Europe’s hotel industry reported mostly positive results in the three key performance metrics during January, according to the latest data from STR.
From January 2018 to January 2019, Europe as a whole saw a 0.1 percent drop in occupancy to 58.1 percent, but average daily rate (ADR) increased 2.5 percent to €99.56. Revenue per available room (RevPAR) increased 2.4 percent to €57.81
In Barcelona, Spain, occupancy was up 6.1 percent to 60.4 percent, ADR grew 7.1 percent to €107.75 and RevPAR increased 13.6 percent to €65.08. According to STR, the market sold more room nights than any other January on record. In addition to solid weekday performance, which correlates with demand in the business-travel sector, STR analysts noted a significant year-over-year rise in weekend RevPAR that can be linked to strengthening leisure travel and further recovery from the period of declines that followed the Catalan independence referendum of 2017.
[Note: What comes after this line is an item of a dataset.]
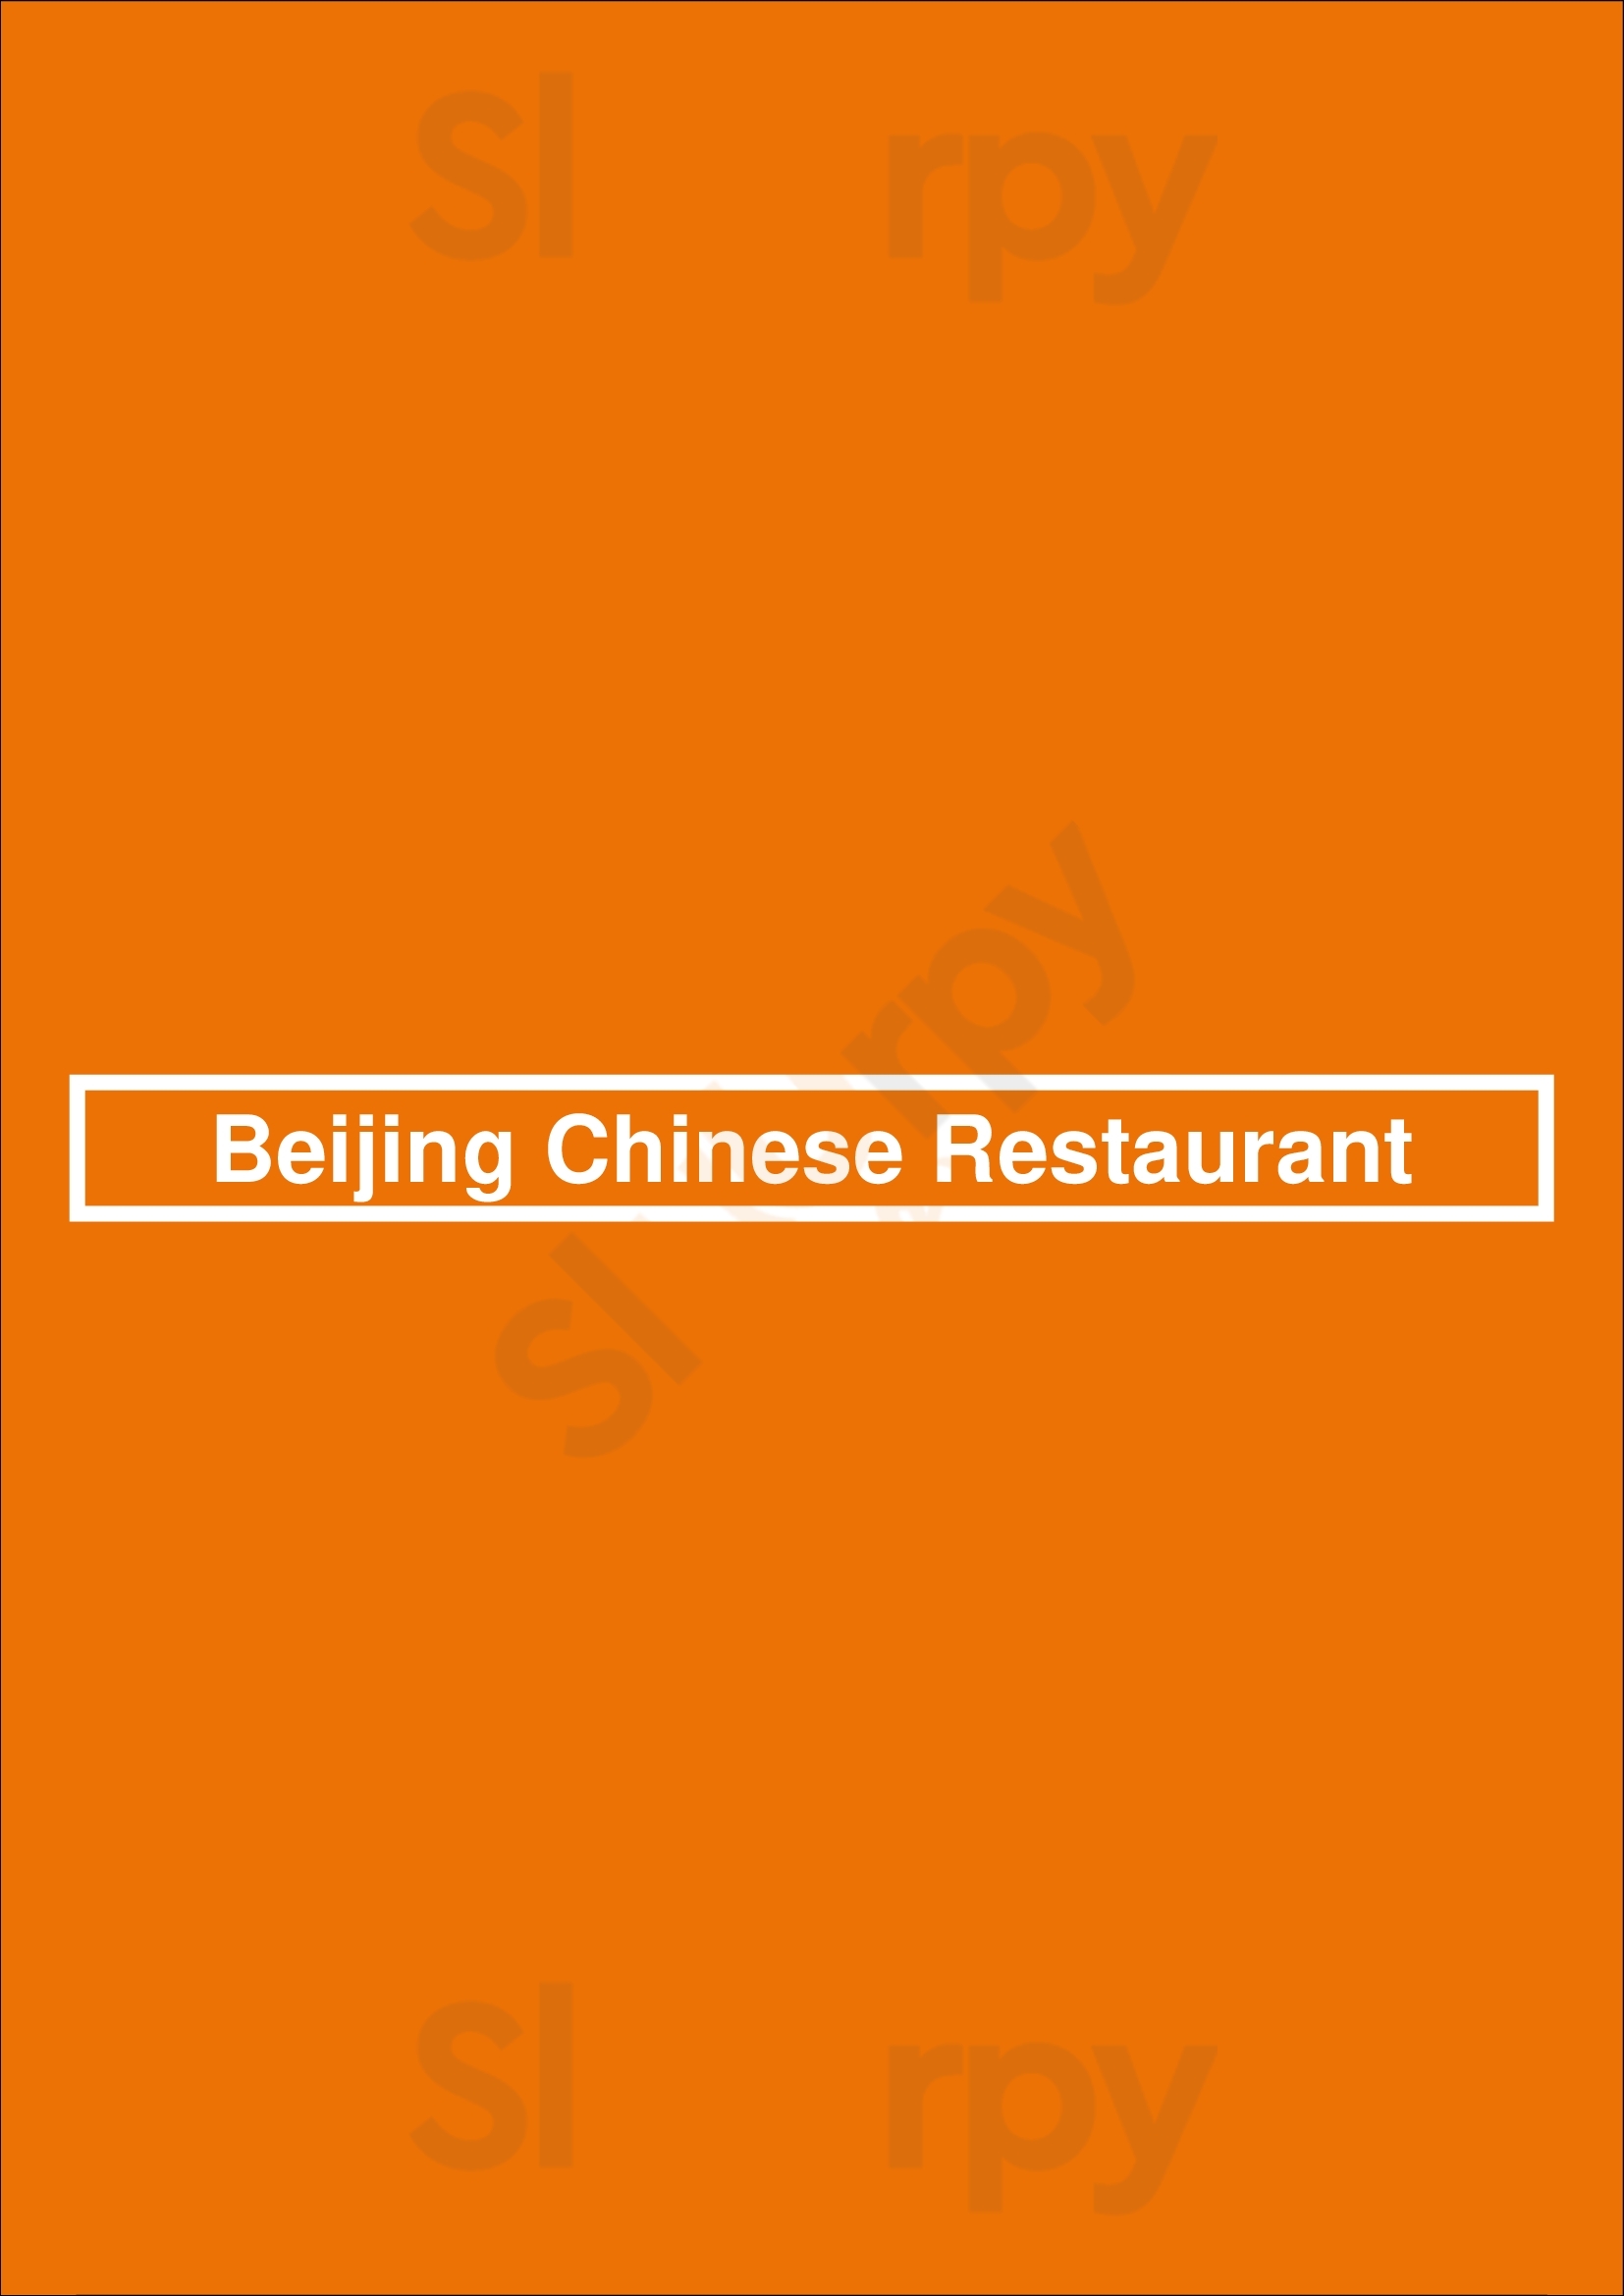 Beijing Chinese Restaurant Houston Menu - 1
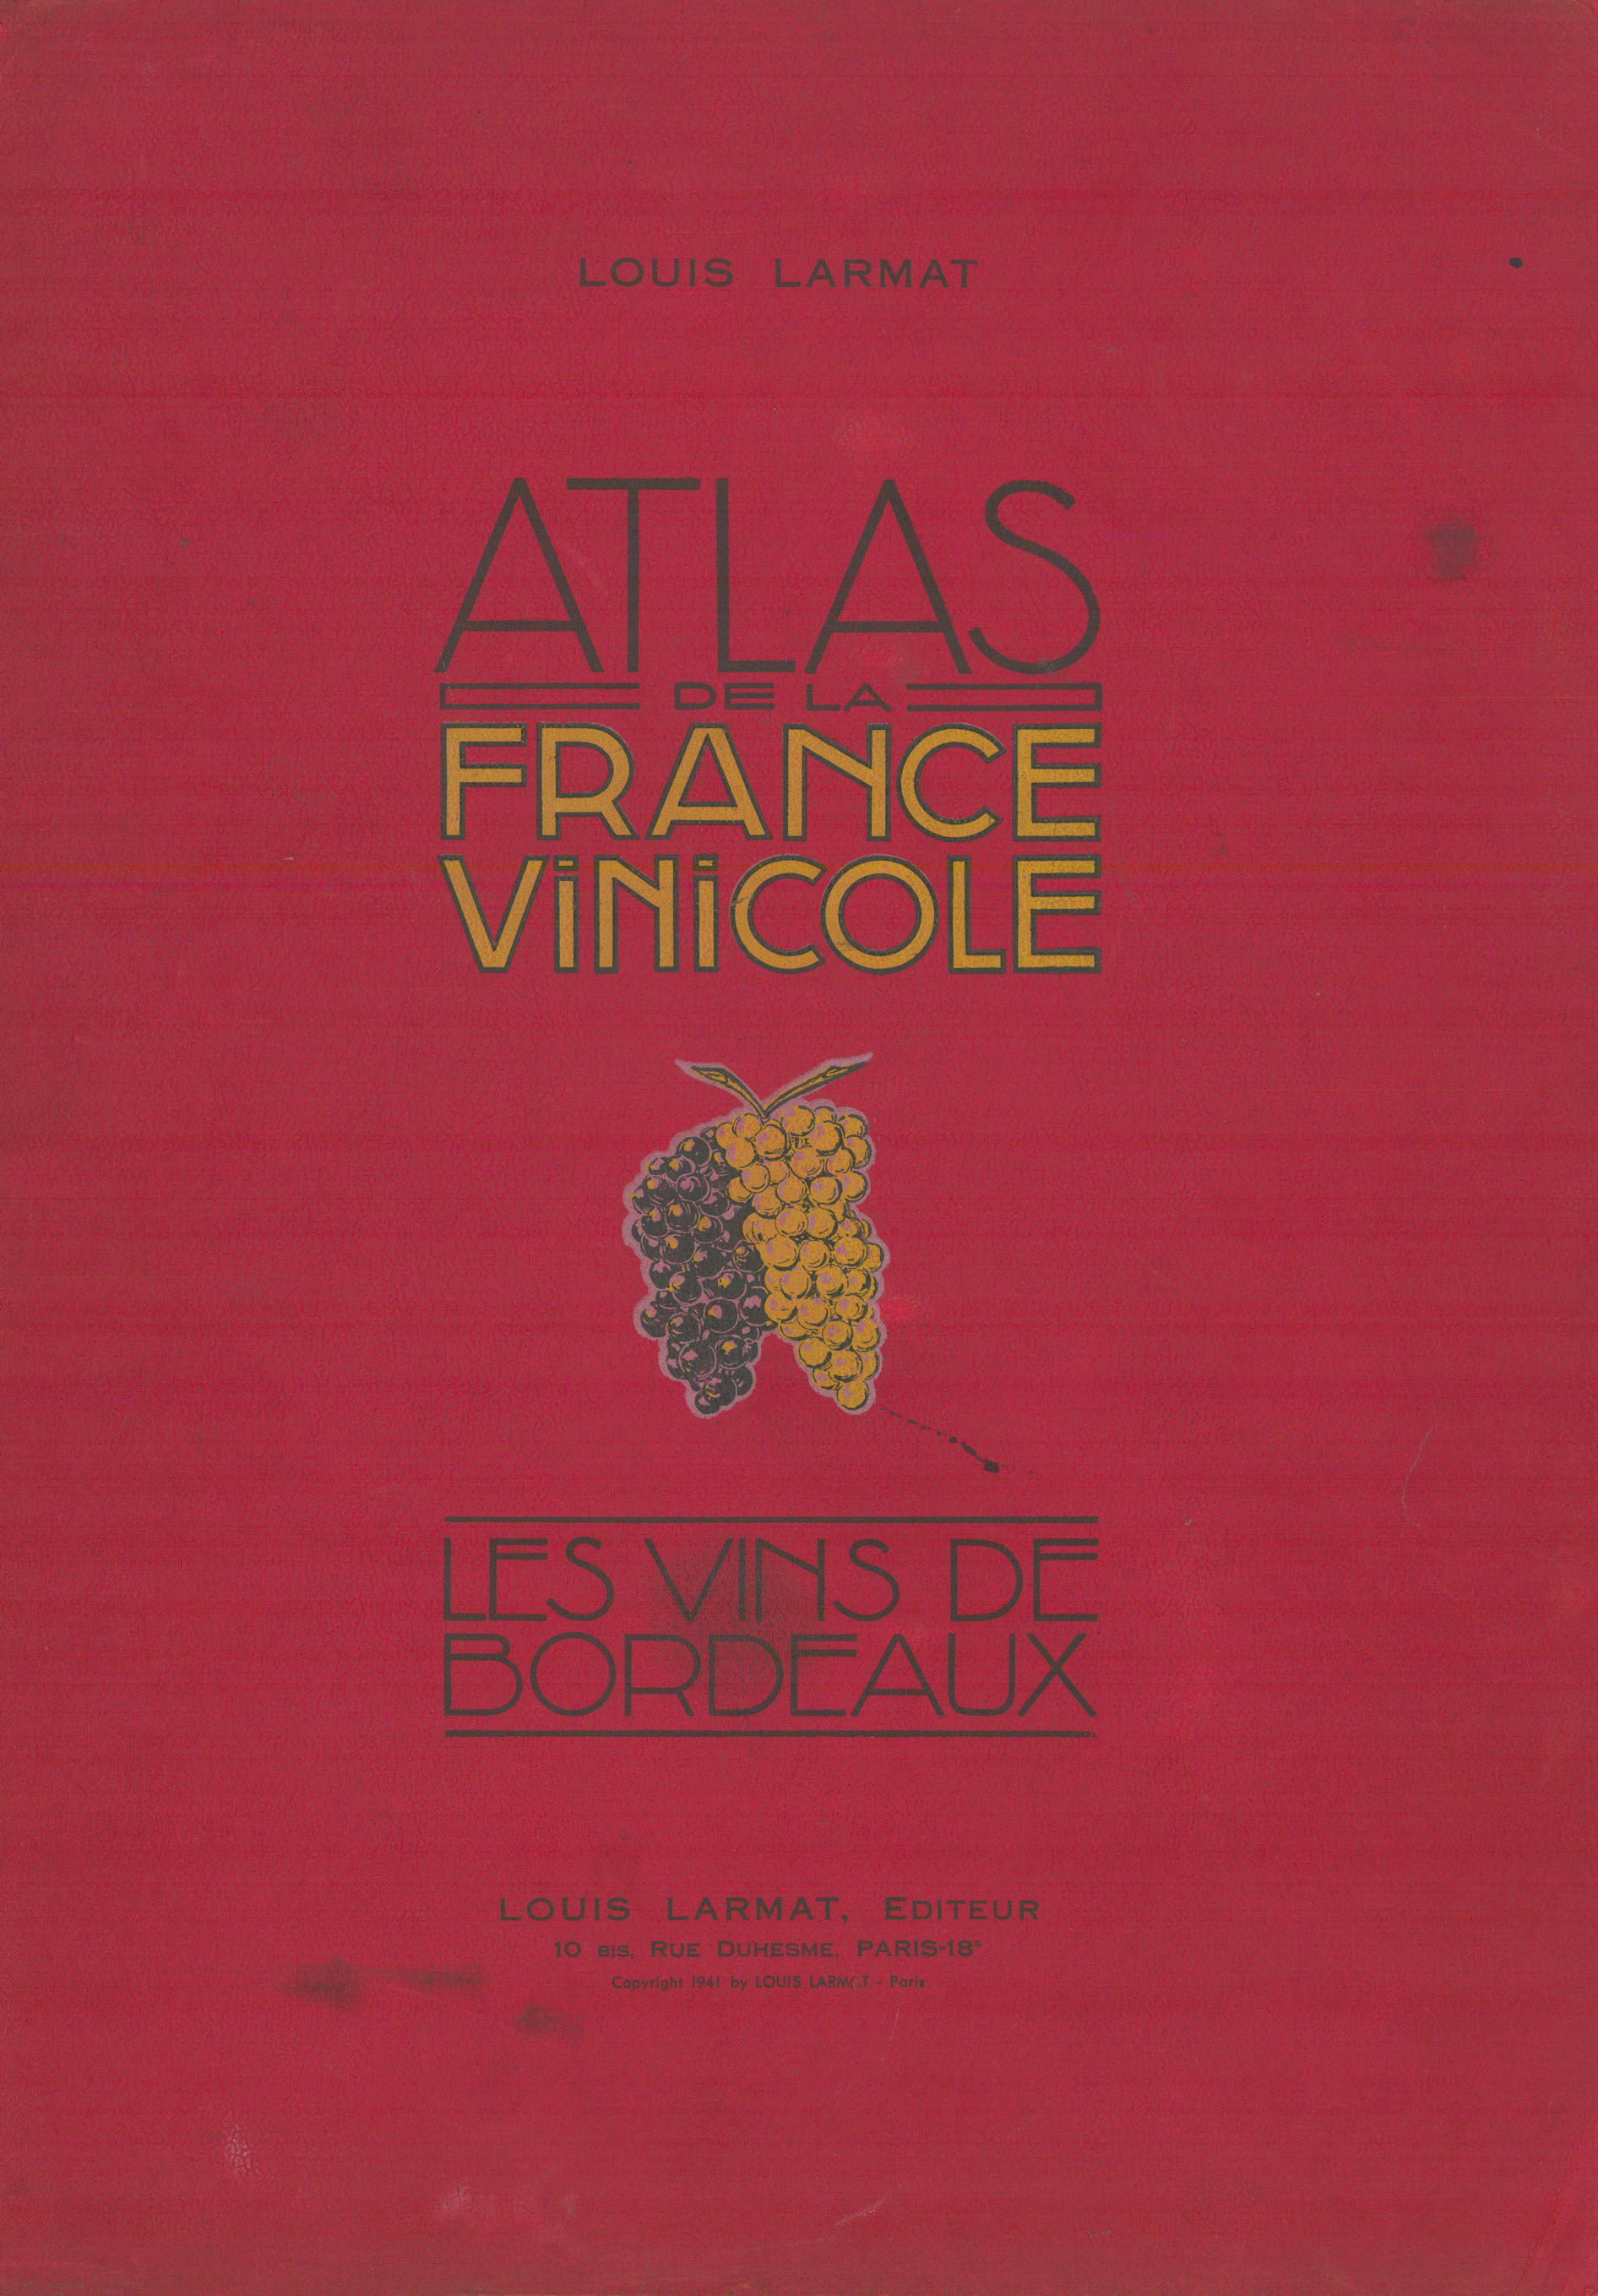 Associate Product Louis Larmat. Atlas de la France Vinicole cover. Bordeaux (2) 1941 old print

Paris, however, reported an occupancy decline of 5.9 percent to 65 percent, while ADR improved 7.1 percent to €204.07 and RevPAR was up 0.8 percent to €132.72. STR analysts attribute demand declines in December (-6.5 percent) and January (-4.2 percent) to ongoing so-called yellow vest protests that began back in November. The 65-percent absolute occupancy level was the lowest for a January in Paris since 2016, when the market was in decline following November 2015 terrorist attacks. Hoteliers in the market have maintained ADR growth to stabilize RevPAR, according to STR.
While Europe was going strong, hotels in the Middle East reported negative January performance results, while hotels in Africa posted growth across the three key performance metrics. Year-over-year, the region reported an occupancy decline of 0.9 percent to 68.2 percent. ADR fell 8.9 percent to $154.18 and RevPAR dropped 9.6 percent to $105.16.
The picture was brighter in Africa, where occupancy was up 0.3 percent to 53.4 percent, ADR grew 2.1 percent to $120.06 and RevPAR improved 2.4 percent to $64.06.
In Abu Dhabi, occupancy was up 1.9 percent to 78 percent, ADR improved 5.4 percent to AED449.72 and RevPAR grew 7.5 percent to AED350.88. Even with supply growth of 11.2 percent, Abu Dhabi achieved its highest January occupancy since 2008. STR analysts credit a 13.4 percent spike in demand to the Asian Cup football championship.
Less than two years away from the upcoming Expo 2020, Dubai is facing declining occupancy (down 5 percent to 82 percent), ADR (down 10.9 percent to AED716.78) and RevPAR (down 15.3 percent to AED587.70.) According to STR analysts, occupancy and rate declines are to be expected for the market with a significant amount of new inventory in the pipeline ahead of the Expo. As of January, Dubai showed 170 projects in construction accounting for 48,759 rooms. At the same time, demand grew for the fourth consecutive month, and overall performance was solid during the first five days of the month thanks to New Year’s celebrations as well as the Arabplast international trade exhibition.
In total, the emirate is looking to have 132,000 guestrooms by the end of 2019 and 164,000 by the time the festivities get underway.